I'm using Google Colab, and saving the weights on my drive.
Training:
def train(model, network_input, network_output):
""" train the neural network """
filepath = "/content/gdrive/MyDrive/weights-improvement-{epoch:02d}-{loss:.4f}-bigger.hdf5"
checkpoint = ModelCheckpoint(
filepath,
monitor='loss',
verbose=0,
save_best_only=True,
mode='min'
)
callbacks_list = [checkpoint]
model.fit(network_input, network_output, epochs=200, batch_size=128, callbacks=callbacks_list)
After training for some time, I have the weights: weights in my drive
Then I resume training without modifying my functions, and the output cell looks like this: output cell
How can I know if training resumed from the best weights so far, ie "weights-improvement-06-4.1851-bigger.hdf5", or just restarted from the beginning? If it's training from the saved weights, shouldn't it show that in some way? Perhaps showing me that epochs continue from where it left off starting with Epoch 4/200 instead of 1/200.
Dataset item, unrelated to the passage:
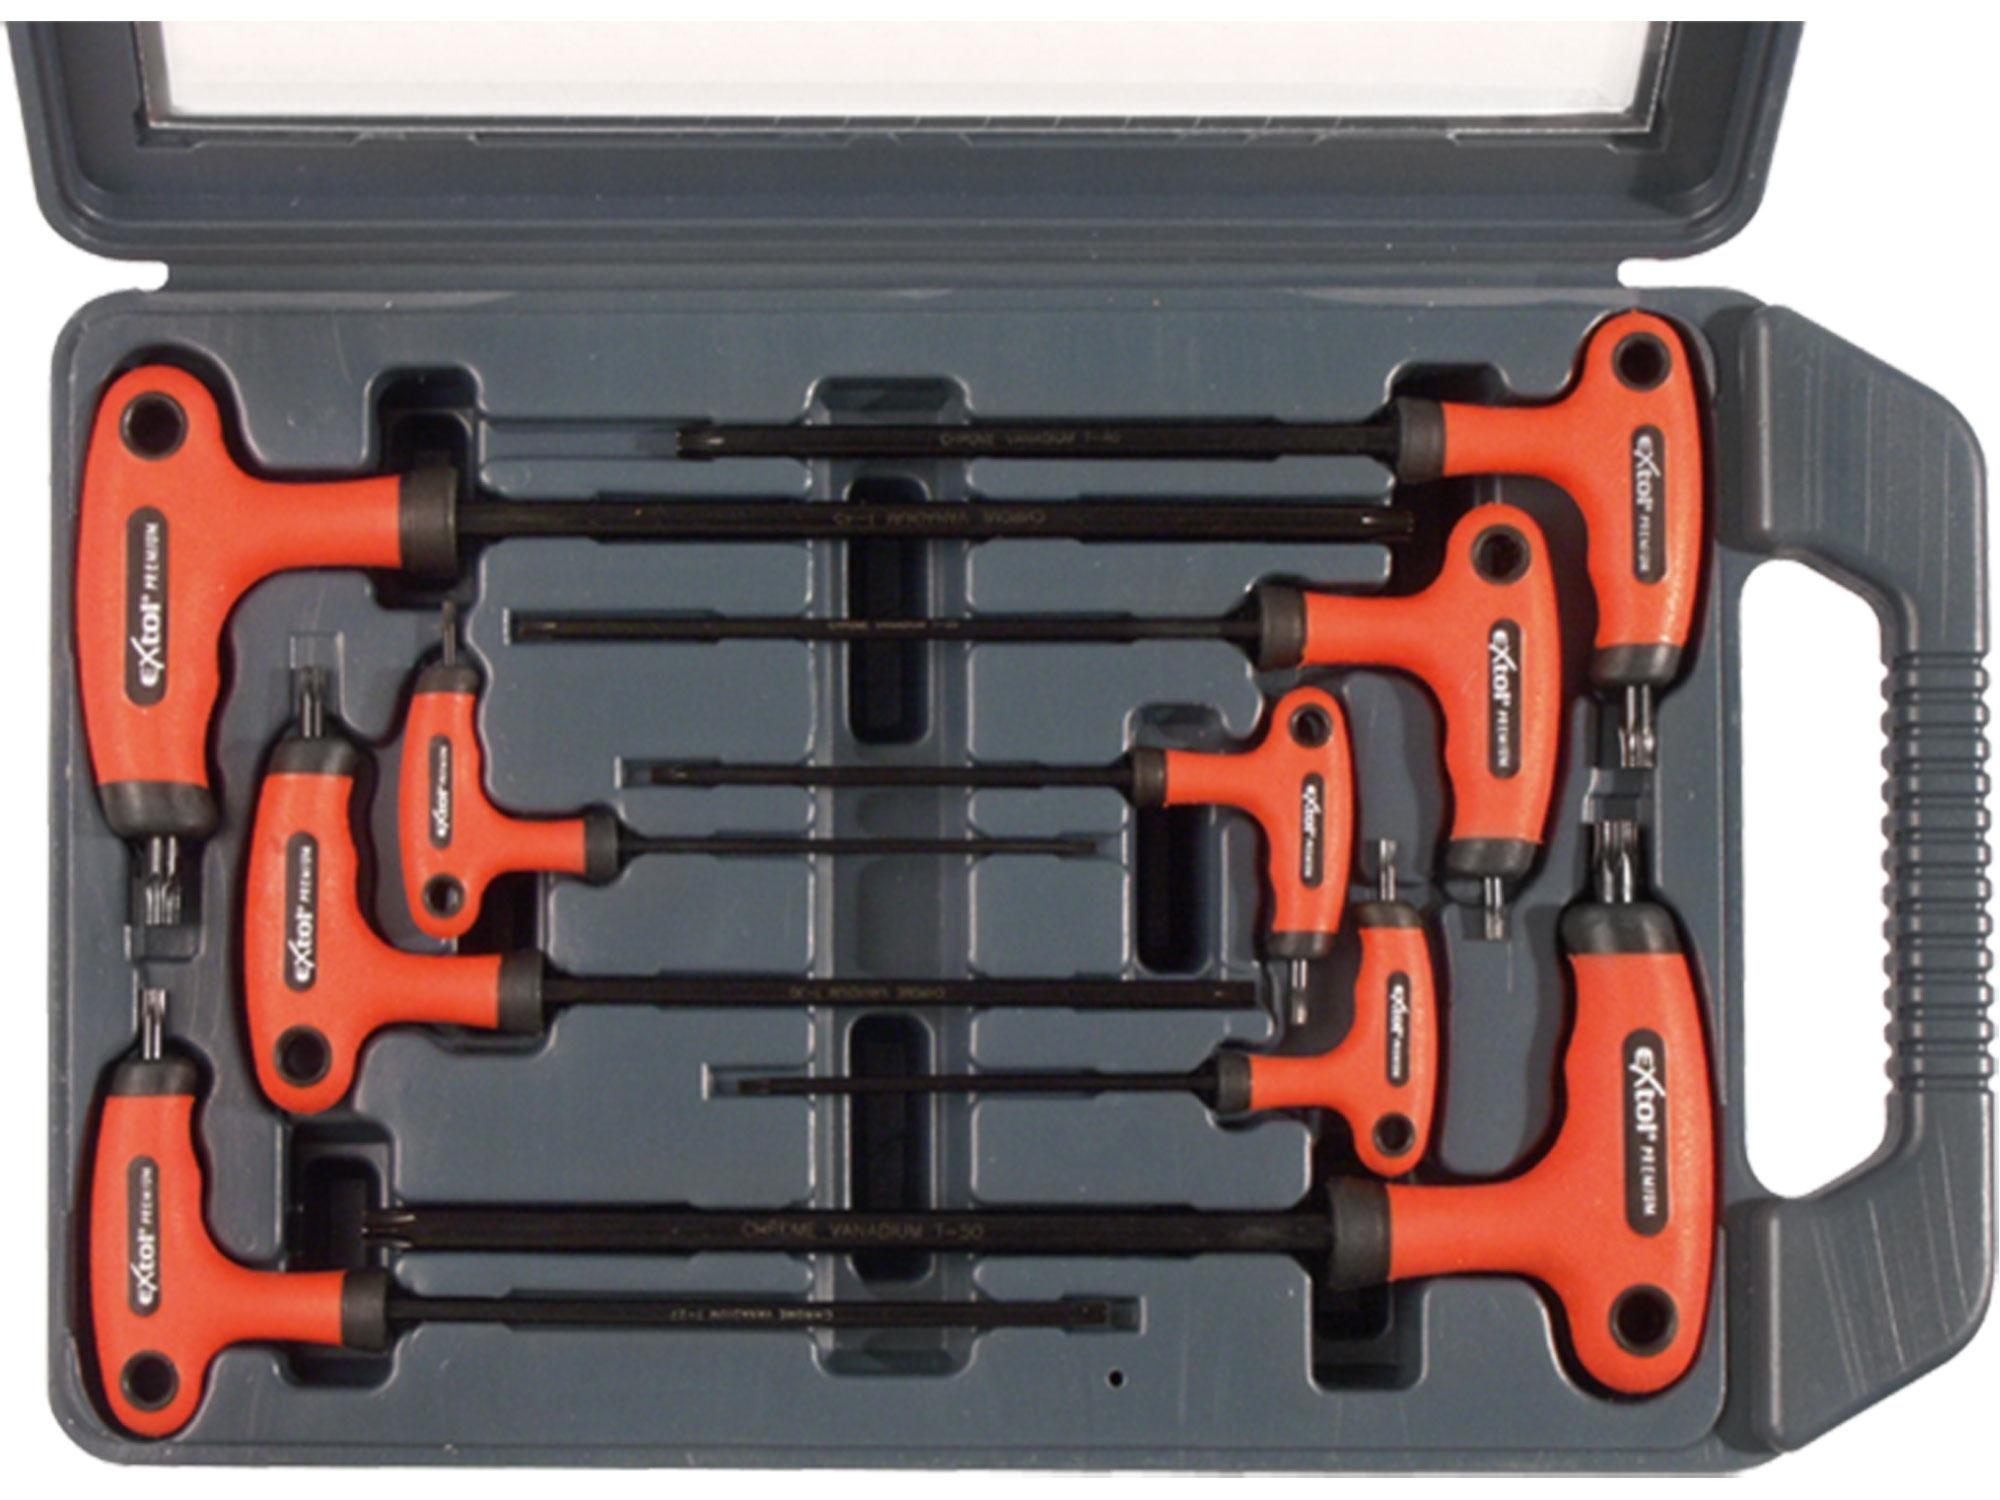 T-klíče TORX, sada 9ks, T10-50mm, EXTOL PREMIUM 8819401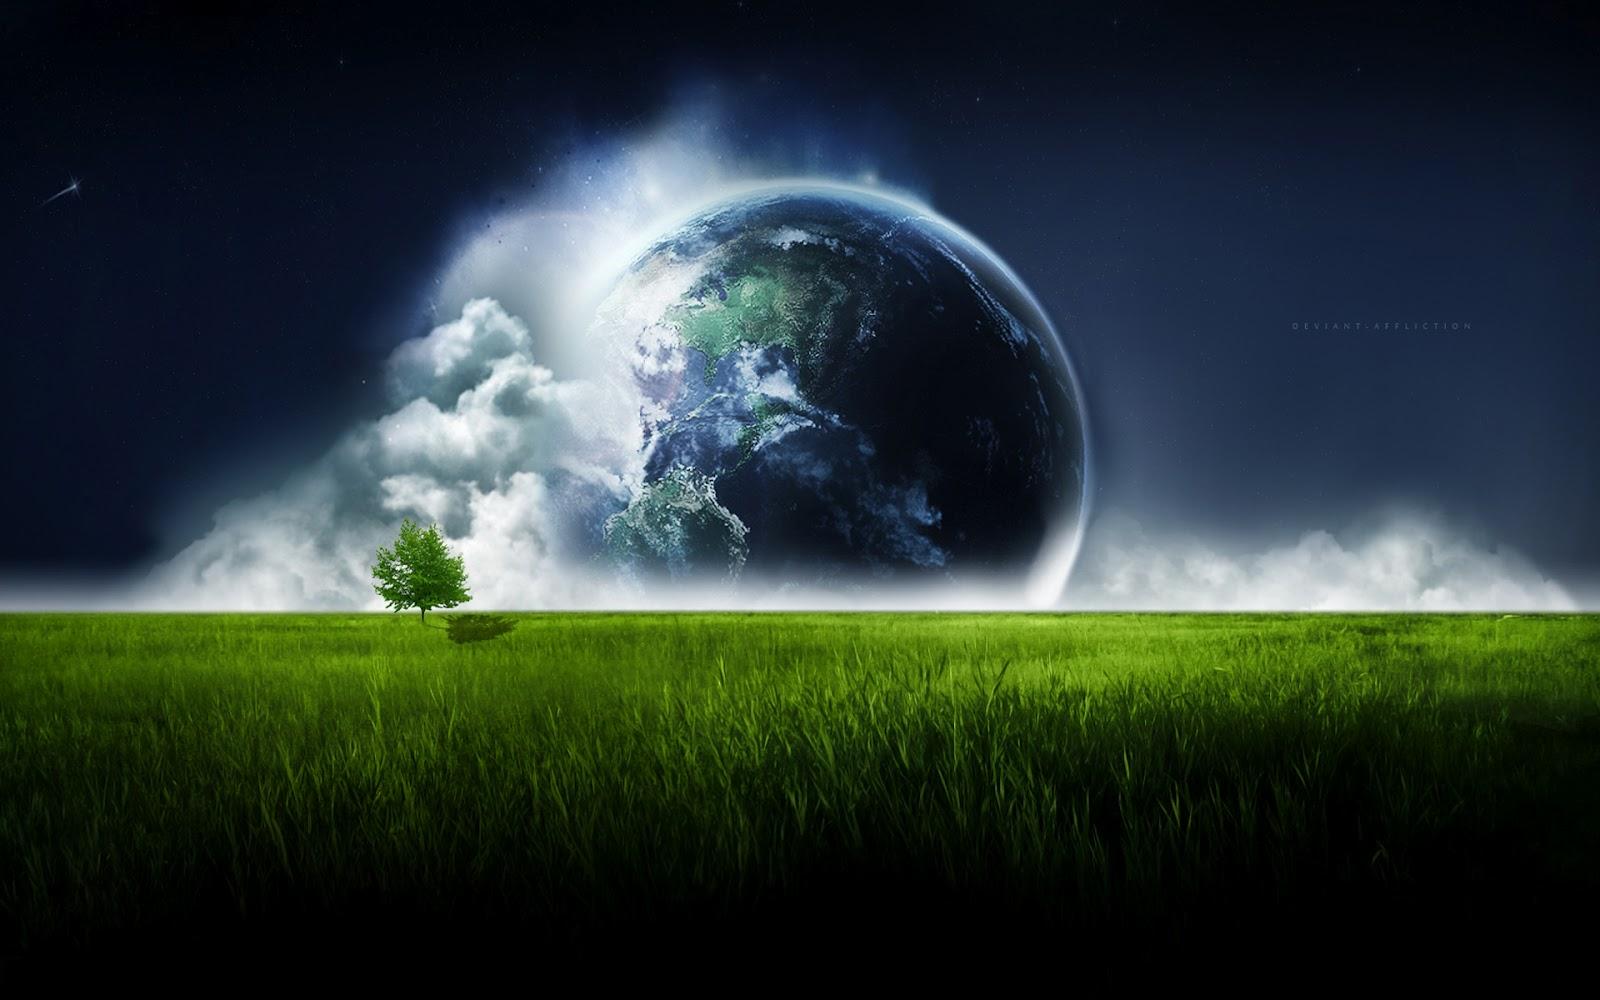 DREAMY WORLD HD WALLPAPER | Global Wallpapers

If you are still using the same instantiated model object (i.e. you haven't instantiated a new one), it will resume training from where it left off - it won't start over.
However, if you want to instantiate a new model using the same config and start from a previously saved set of weights (checkpoint), you can use tensorflow's latest_checkpoint
to load the most recent checkpoint weights from your directory before passing these weights to the model.
from tensorflow.train import latest_checkpoint
last_ckpt = latest_checkpoint(os.path.join('my','checkpoint','directory'))
# this is the newly instantiated model using the same config
model.load_weights(last_ckpt)